LONDON (AP) — About one-third of Britain's population does not have access to the Internet at home — a startling statistic that prompted a government promise Tuesday to overhaul the country's digital infrastructure.

Prime Minister Gordon Brown outlined a 200 million pound ($328 million) program that would ensure that every British home can have broadband Internet access at 2 megabytes per second by 2012. That's fast enough to buy products online and download most Web pages.

"Just as the bridges, roads and railways built in the 19th century were the foundations of an Industrial Revolution that helped Britain to become the workshop of the world, so investment now in the information and communications industries can underpin our emergence from recession," Brown wrote in an op-ed piece for the Times of London.

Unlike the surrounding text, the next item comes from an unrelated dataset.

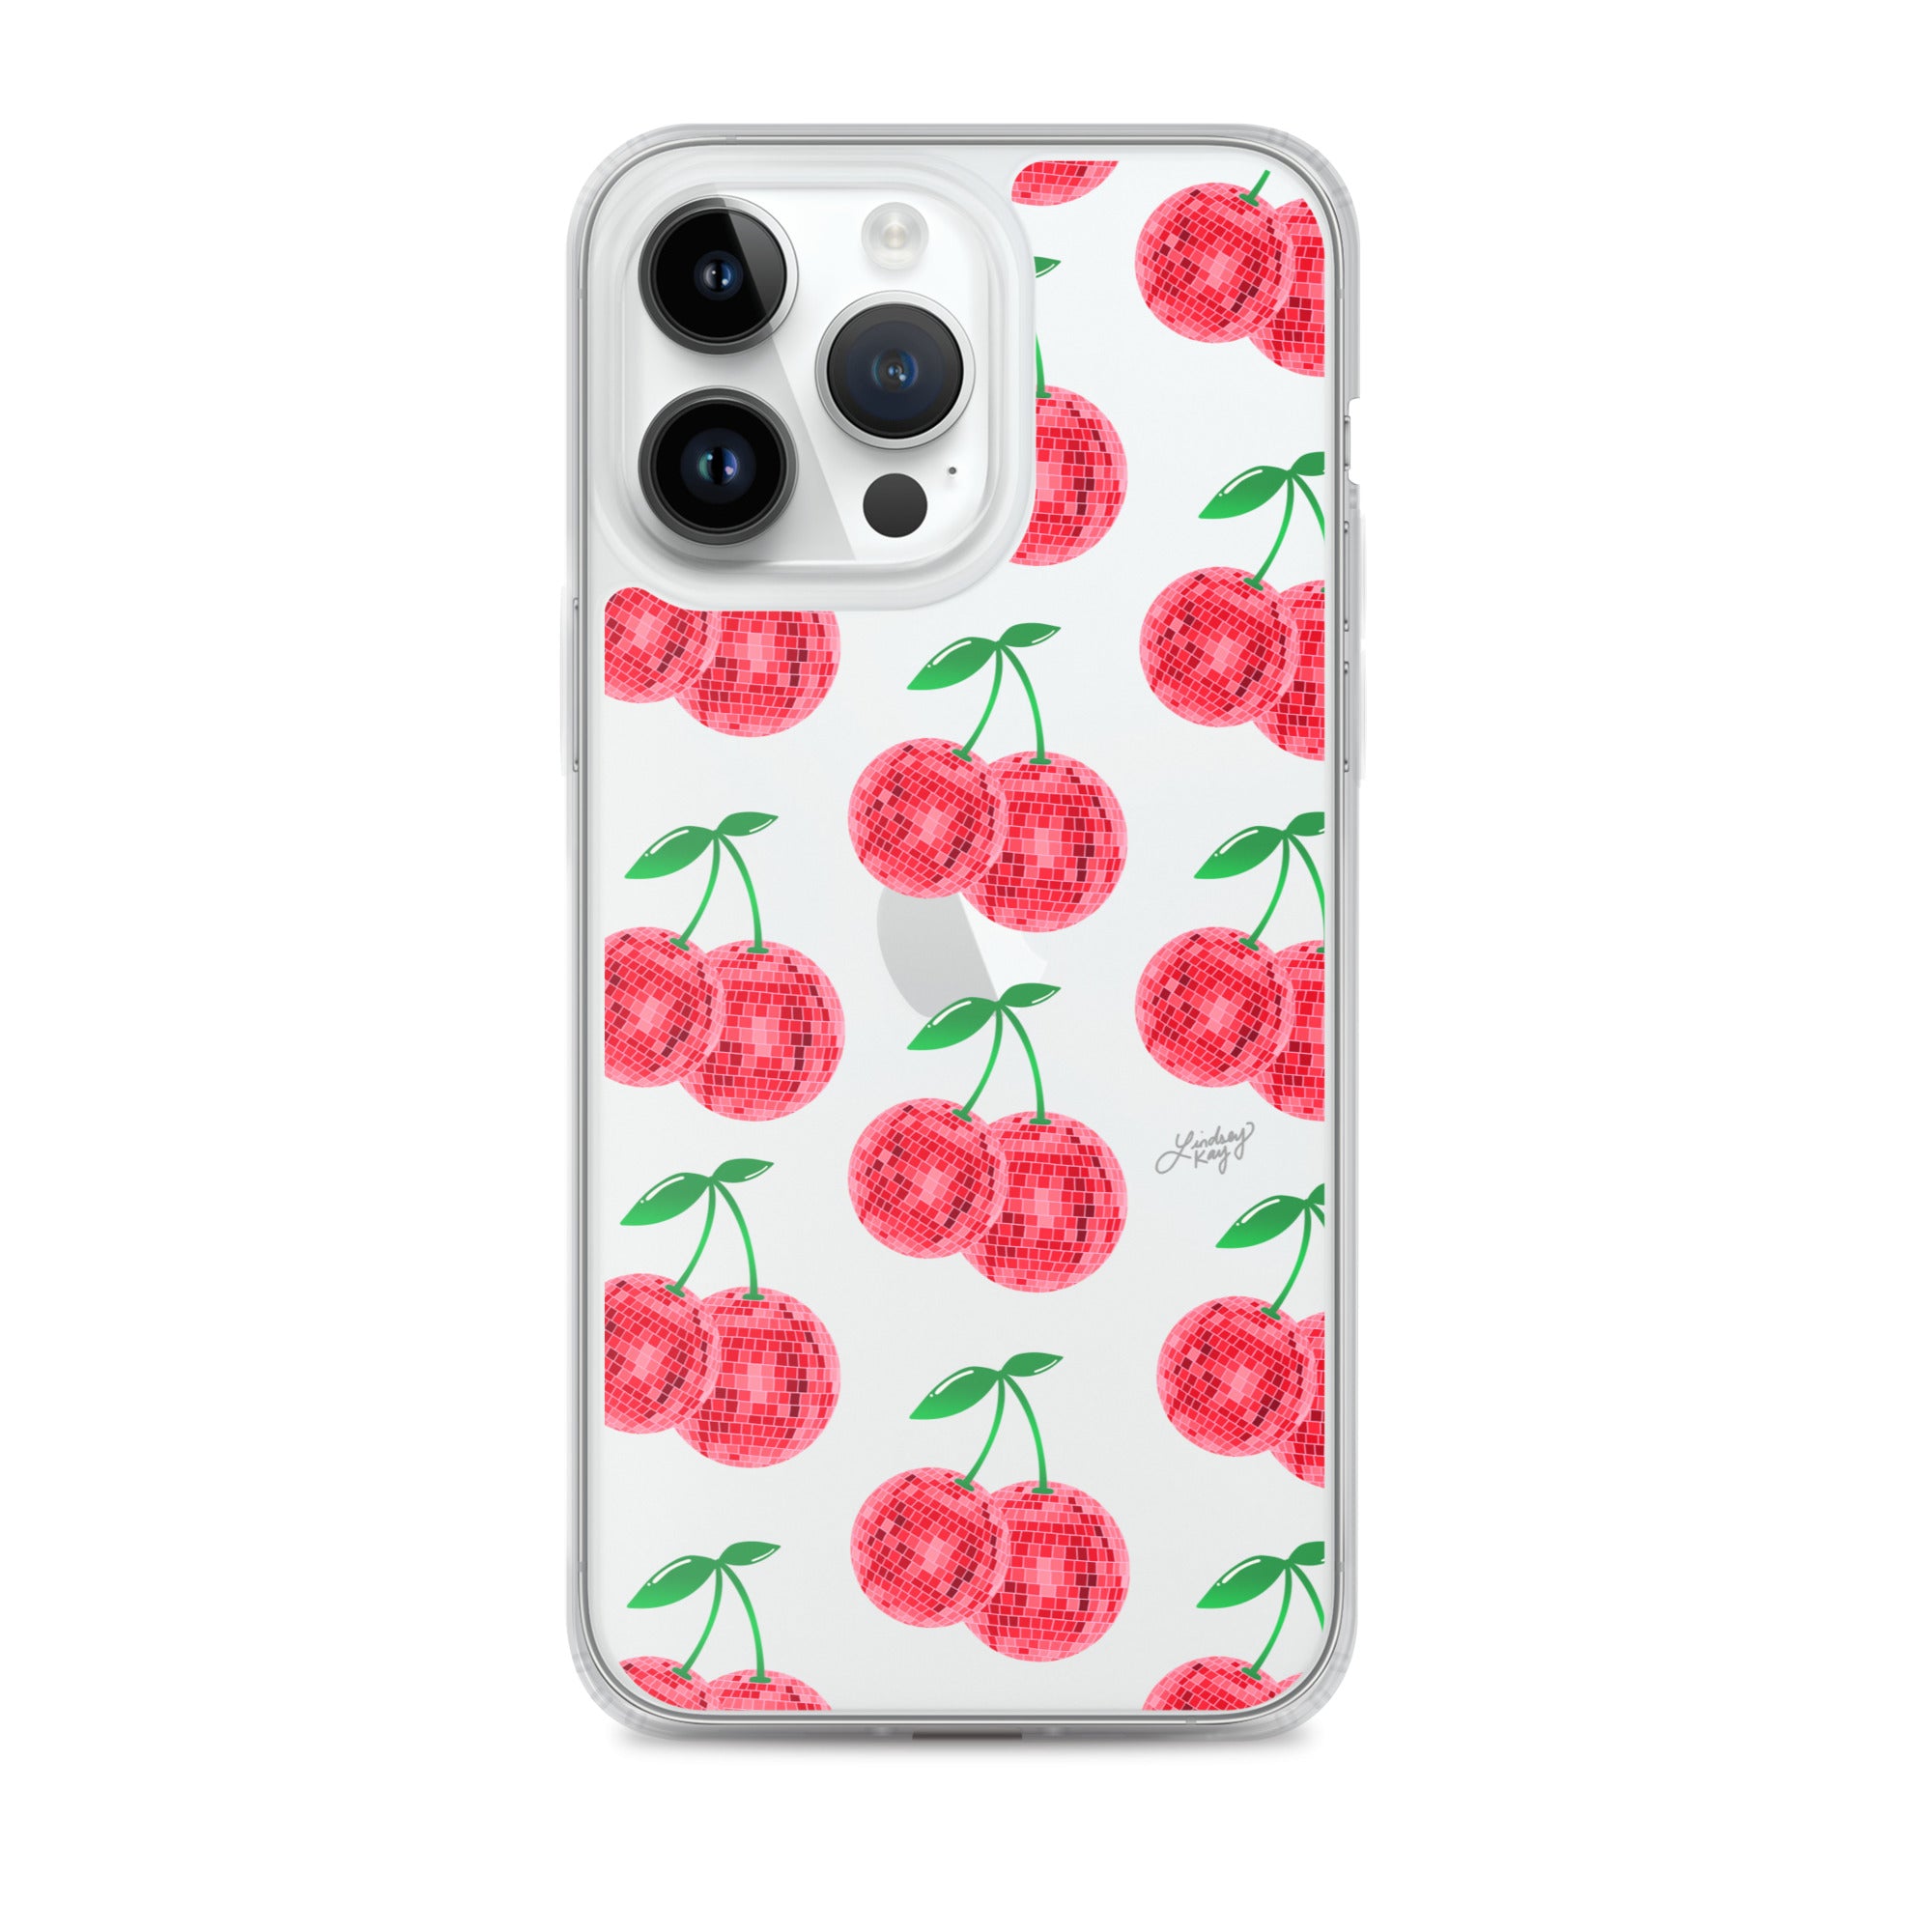 red disco ball cherries clear iphone case protector funky retro illustration phone case accessories lindsey kay collective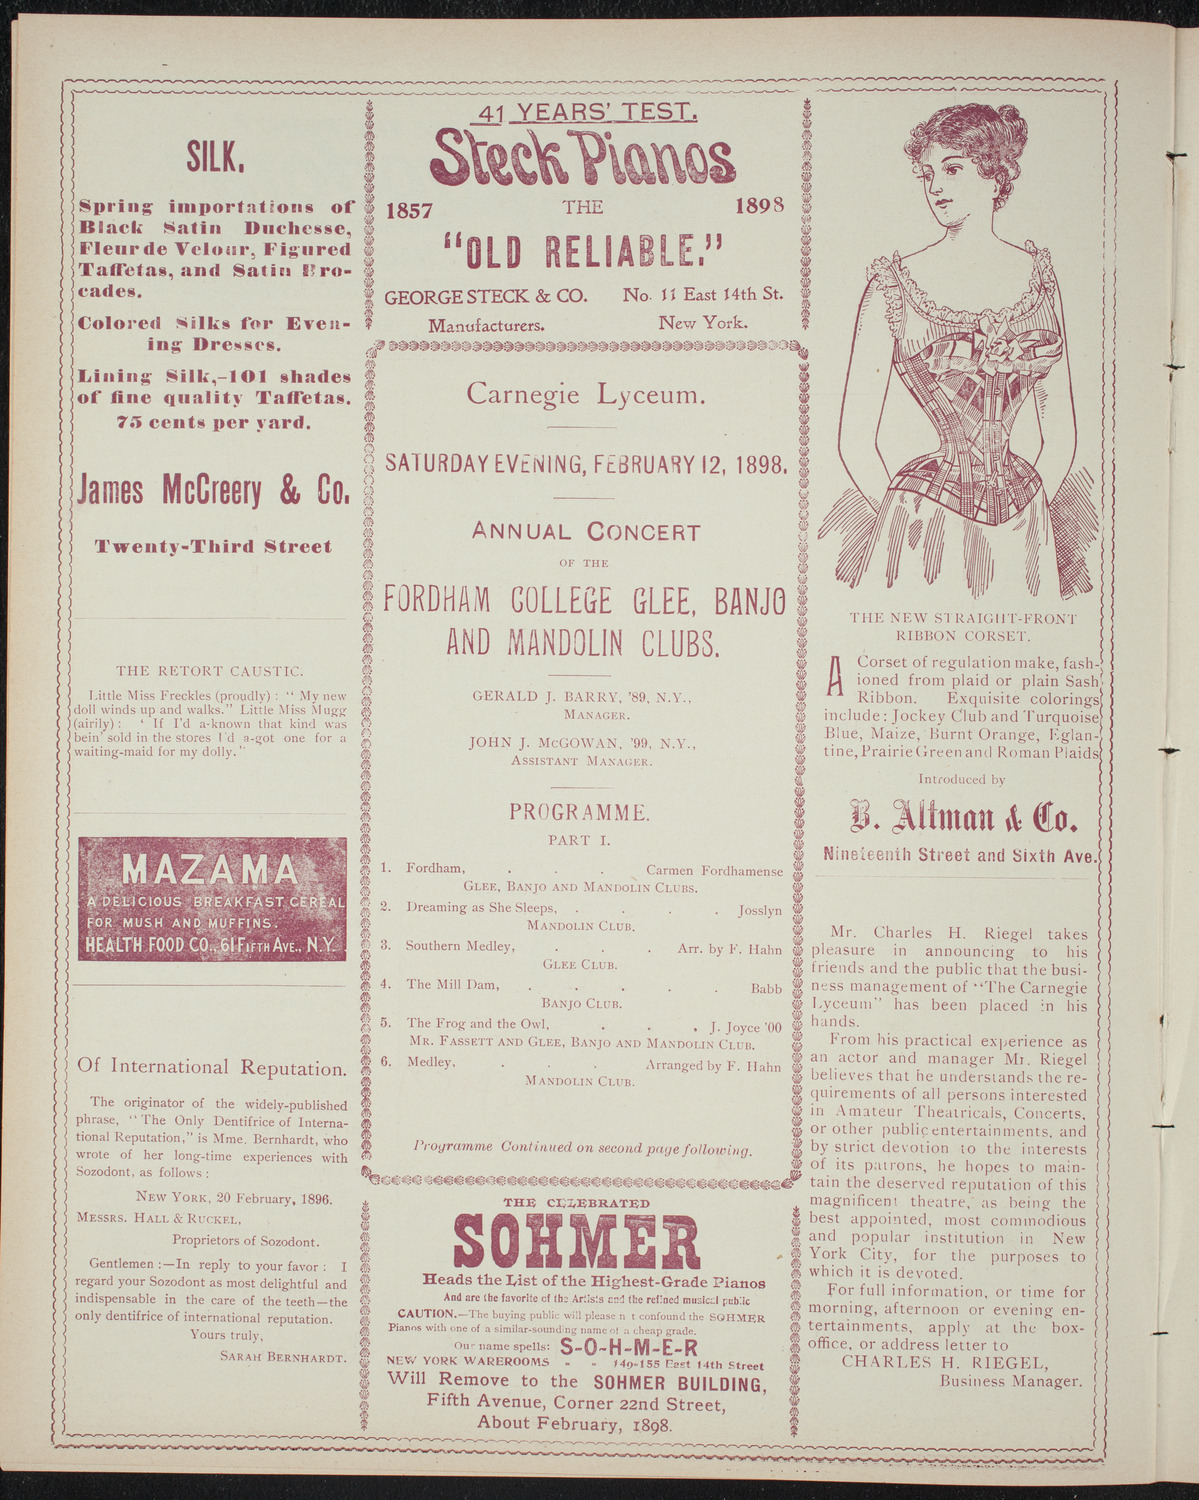 Fordham College Glee, Banjo, and Mandolin Clubs, February 12, 1898, program page 4

Roughly a quarter of Britain's 61 million people do not use the Internet at all, while nearly 3 million homes have connections that are too slow to download movies, shop online or easily navigate social networking sites. As many as 18 million people do not have any Internet access in their homes.

Read more: http://www.google.com/hostednews/ap/article/ALeqM5gL8xY3MlFOmcVqNod8BGmEgMvqtgD98RUVJO0



Article has more...


I thought only the greatest country in the world would be first and top of the class on all these things? Hey republicans, where were you? I mean, in amongst calling the US the best country in the world, you lot sure did let a lot of things slip, so stop blaming us when you had constant Republican control of Congress from 1994 to 2006... and Presidential power from 2001 to 2007. There just is no time to really blame Democrats... yet...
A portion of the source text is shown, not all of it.